The Advantage of Doubled Isolated Rook Pawns?

The Advantage of Doubled Isolated Rook Pawns?

| 54 | Scholastics

Professor: Happy day before Saturday, class.

Zephyr: I wanted to bring something up.

Professor: I'm fine. How are you? You couldn't wait to say "hello?"

Zephyr: Hello, Professor. Now can we talk about it?

Professor: About what?

Zephyr: Doubled pawns.

Professor: Doubled pawns?

Lucian: Yes, doubled pawns.


Zephyr: Lucian and I were arguing about them.

Thomas: In general, doubled pawns are not good.

Idris: But they don't have to be bad.

Ryan: Right. They may help in the attack.

Thomas: By opening lines.

Rachel: Or by guarding squares.

Ryan: Of course, they can be worse if isolated.

Zephyr: Of course.

Thomas: But suppose they can't be exploited?

Zephyr: That's what we were arguing about before class.

Ryan: That's what you were arguing about before class?

Hale: You two always argue.

Idris: About everything.

Rachel: Before class, during, and after.

Ryan: Though their arguments don't go anywhere.
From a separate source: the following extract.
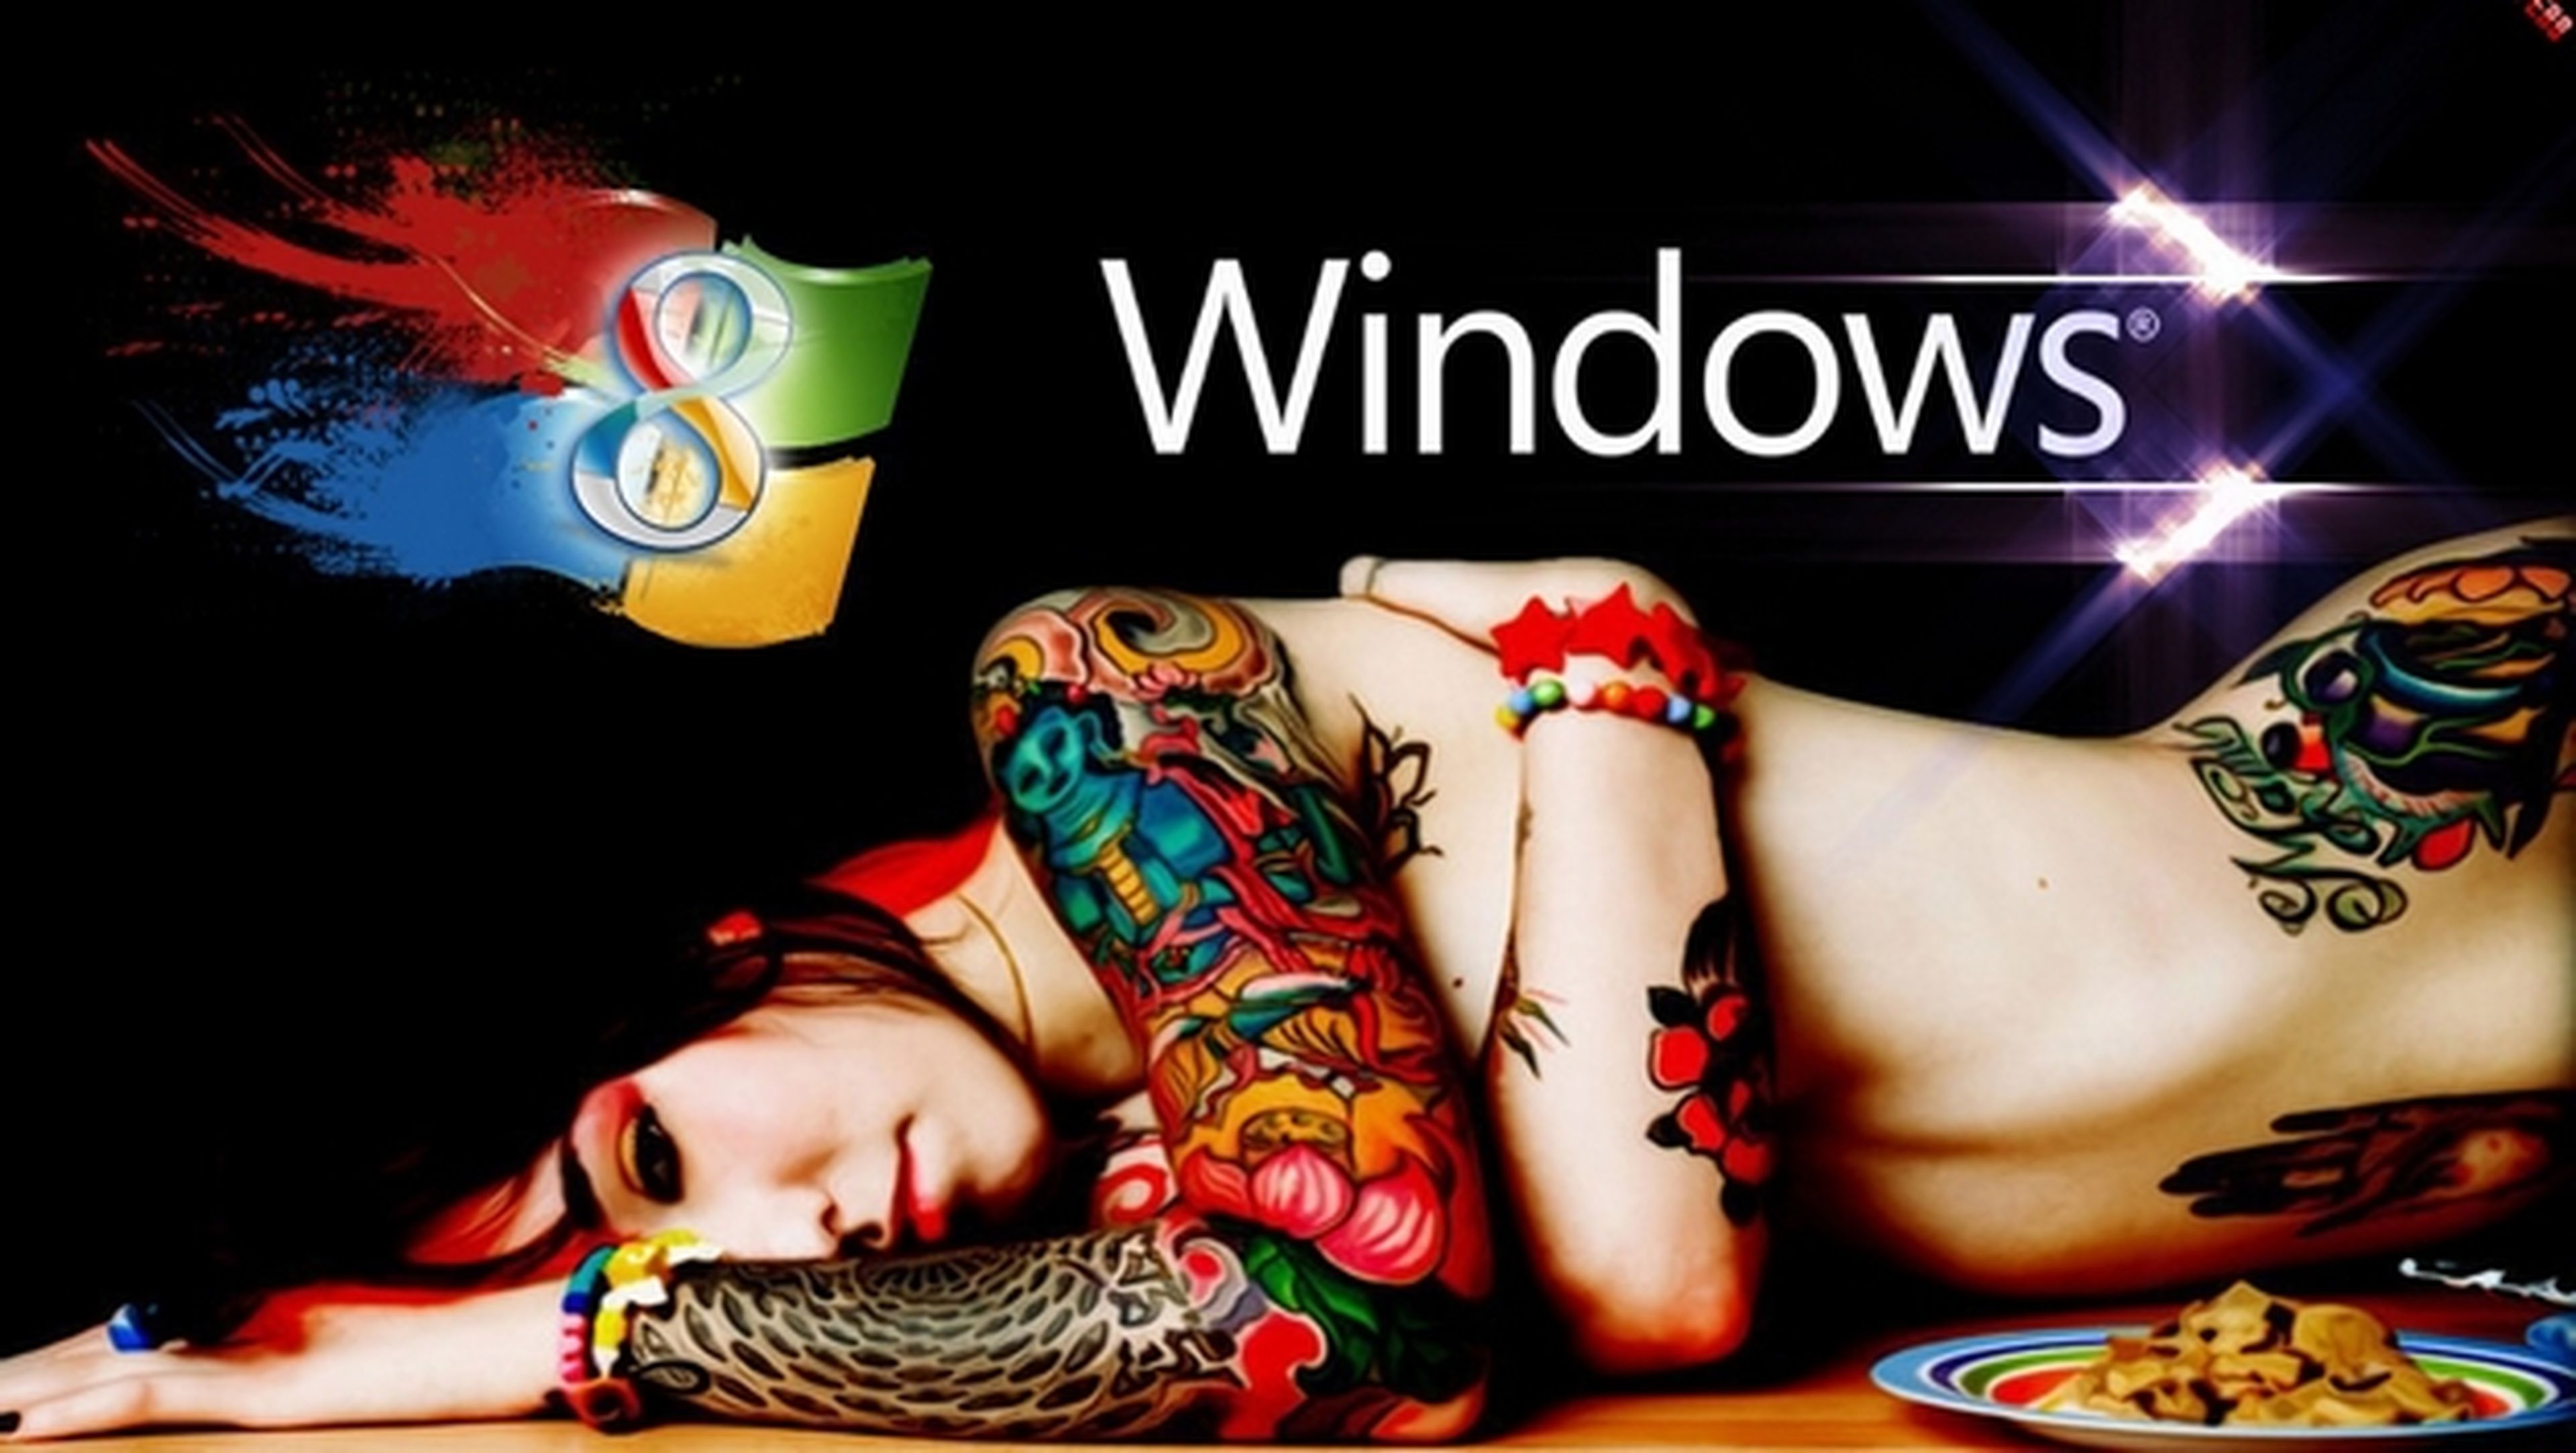 Windows 8 llega a los 200 millones de licencias vendidas

Thomas: You mean, like doubled isolated rook-pawns?

Professor: Let's stop and start right there.

Question 1: Can White force mate?

The solution was found very quickly, by everyone, including Lucian and Zephyr. Naturally, they argued about it.

Thomas: That was fairly easy. 

Hale: But we get your point.

Rachel: Yeah, sometimes the doubled pawn gives you an extra tempo.

Professor: I think it's time for another problem.

Question 2: Can White force mate in four moves?

The class dispensed with this one expeditiously. It left time for some good-natured camaraderie.

Rachel: The extra rook-pawn truly did help out.

Thomas: It gave a vital tempo.

Hale: And it delivered the death blow.

Professor: Let's try another problem.

Question 3: Can White force a win?

This problem proved a little harder, but careful work, even amid the contention, produced a viable answer.


Lucian: That was a little tricky.

Zephyr: Maybe for you.

Idris: Maybe for all of us.

Hale: Yet it was different.

Ryan: True. In several lines, the doubled pawn guarded an important square.

Rachel: But Professor, surely such a pawn complex doesn't always win.

Professor: No, of course not. Sometimes it only helps us draw.

Lucian: May we see the next problem?

Professor: You may.

Question 4: Can White force a draw?

A couple of small dance steps and the group had the answer. There were some comments, too. 

Rachel: So the extra rook-pawn was a useful obstruction.

Thomas: But certainly doubled isolated pawns can be very bad.

Professor: How about a problem where they're bad for an unexpected reason?

Lucian: Can we see it?

Professor: Absolutely, courtesy of Botvinnik, who once published a version of it.

Question 5: Can White force a win?

The problem was solved and the class had a good laugh. It was time for reevaluation. 

Ryan: I guess that was a Botvinnikian joke.

Idris: It's funny. Black loses because he has too many rook-pawns.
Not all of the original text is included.